In order to provide energy determination and identification of an unknown radioactive source and its intensity, the PSPs in the GrayQb are stacked into layers, separated by attenuation materials such as metal or plastic that provides progressive shielding of the stacked PSPs. A radiation source deposits the highest dose to the outer-most PSP, with each successive layer receiving less than the previous one. Based on the amount of exposure to each layer, the energy of the radiation can be determined. Modified configurations using other film types can be used for alpha, beta, or neutron detection.

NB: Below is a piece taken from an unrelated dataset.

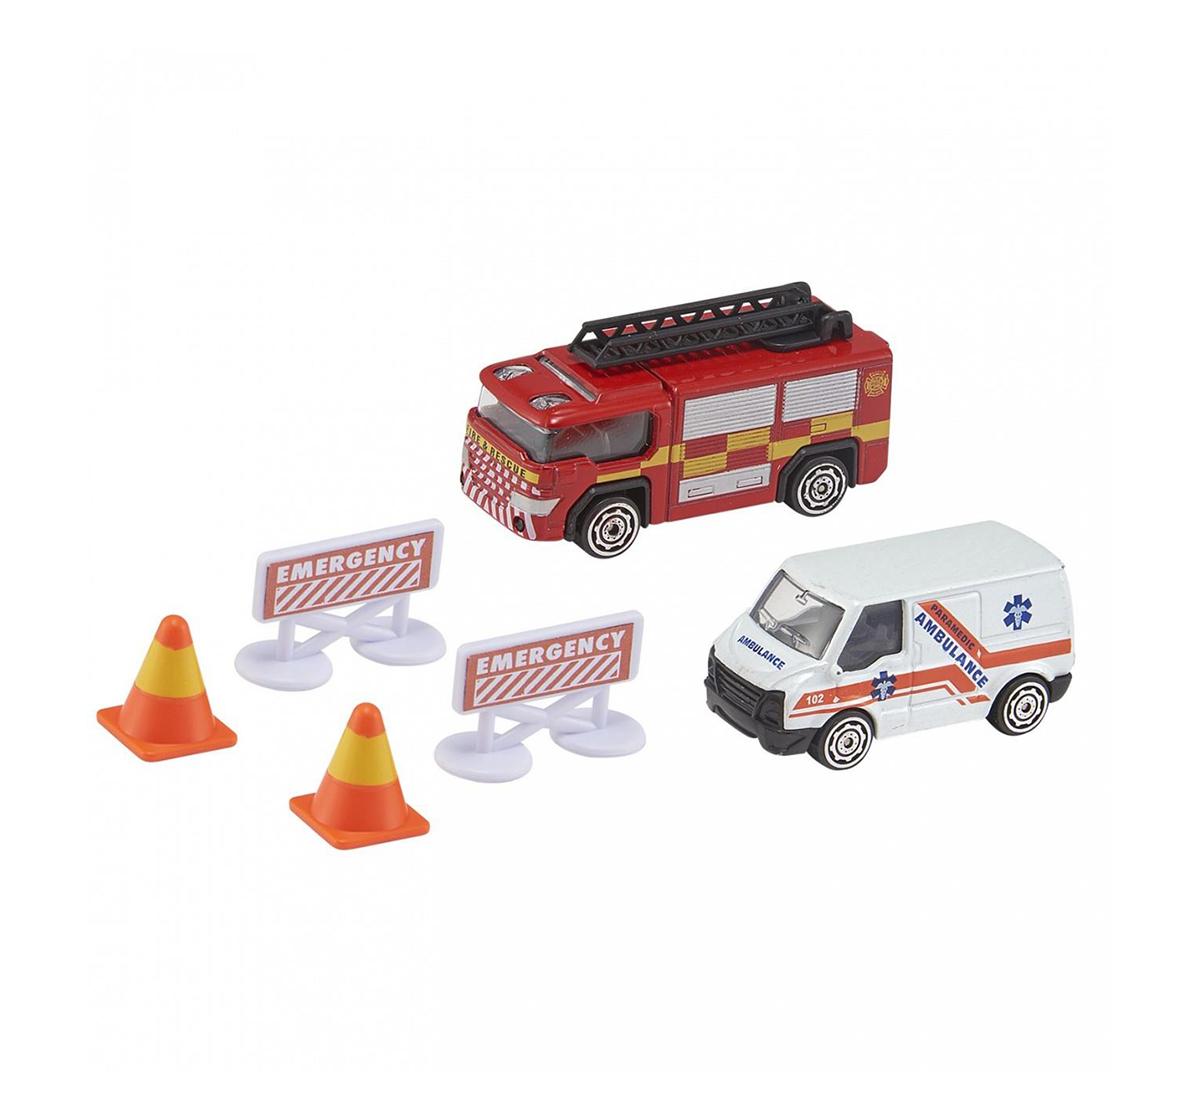 Ralleyz   Ralleyz RESCUE TEAM HELI & AMBULNCE Vehicles for Kids age 3Y+

GrayQb is placed in an area of concern for a specific amount of time based on the expected dose rates. A set of motorized shutters shields the PSPs during placement and removal of the device. Once in position, the attenuated PSP layers are exposed to the sources in the area through a unique apparatus that locates the exact sites of radiation. GrayQb is then removed from the area and the PSPs are read in an optical scanner. Special software translates the PSP data into a map of the location, intensity, and energy of the source contamination. "Intensity" refers to the low-to-high radioactivity of the source, and "energy" refers to the type of radionuclide. This map can then be superimposed on a photograph or diagram of the contaminated area, allowing researchers to precisely identify contamination source and areas of concern.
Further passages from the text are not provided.